One of Renaissance Spain’s Leading Catholic Scholars May Have Been a Secret Jew

Beginning in the late 14th century, tens of thousands of Spanish Jews converted to Catholicism as persecution increased—culminating with the expulsion of the unconverted in 1492. Many of these conversos or “New Christians” rose to prominence; the rabbi of the city of Burgos, for instance, was baptized in 1391, was eventually ordained as a priest, and returned to Burgos to serve as its bishop. Others continued to practice Judaism in secret. According to the recent research of Ahuva Ho, Alfonso de Zamora (1474–1545/6) fell into both categories:

A graduate of the famous Campanton yeshiva in Zamora, [Alfonso] first escaped to Portugal in 1492, but for unknown reasons returned to Spain around 1497 as a converso. In a few years we find him in Salamanca as a teacher and a scribe until 1512. . . . His involvement in the editing of the first Polyglot Bible, his books, scribal and teaching positions raised his esteem and importance at the dawn of the Renaissance.
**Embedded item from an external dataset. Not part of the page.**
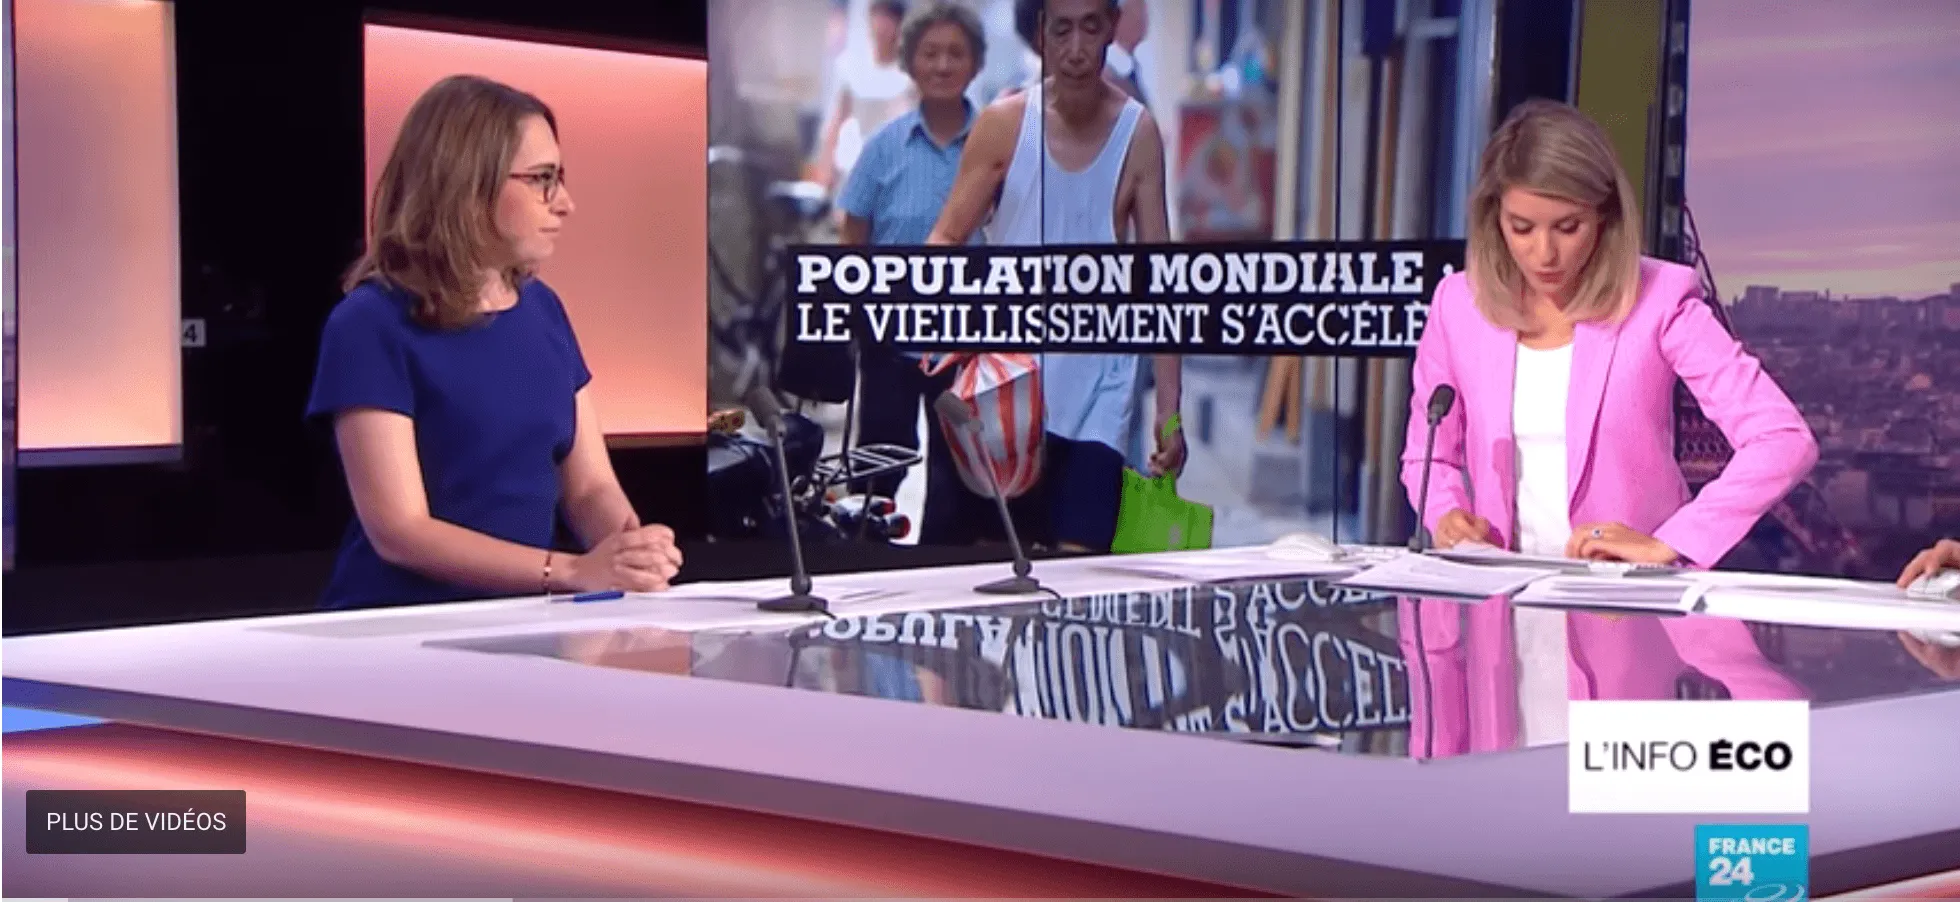 « Population mondiale : le vieillissement s'accélère », émission L'info éco sur France 24, présentée par Line Rifai, chroniqueuse économie, diffusée le 18 septembre 2018.

Throughout [an] almost 40-year period, he was employed by the highest Catholic prelates, the archbishops of Spain, right under the watchful eye of the Inquisition.

[But Alfonso’s Hebrew] poems called out for God’s help to heal his emotional and physical pain, to release him from cursed Spain, to punish the greedy and immoral Spanish society from the king to the Church clerics. [In prose manuscripts in Hebrew], he attacked the popes and the judges and mocked King Carlos V and his administration, [as well as] judges who had converted to Christianity and abused their powers to discriminate against their fellow conversos.

Alfonso excused his stay in Spain by comparing himself to Joseph and Daniel, who remained in their respective lands in order to benefit the world by teaching the beauty of Jewish wisdom to the Gentile power structure.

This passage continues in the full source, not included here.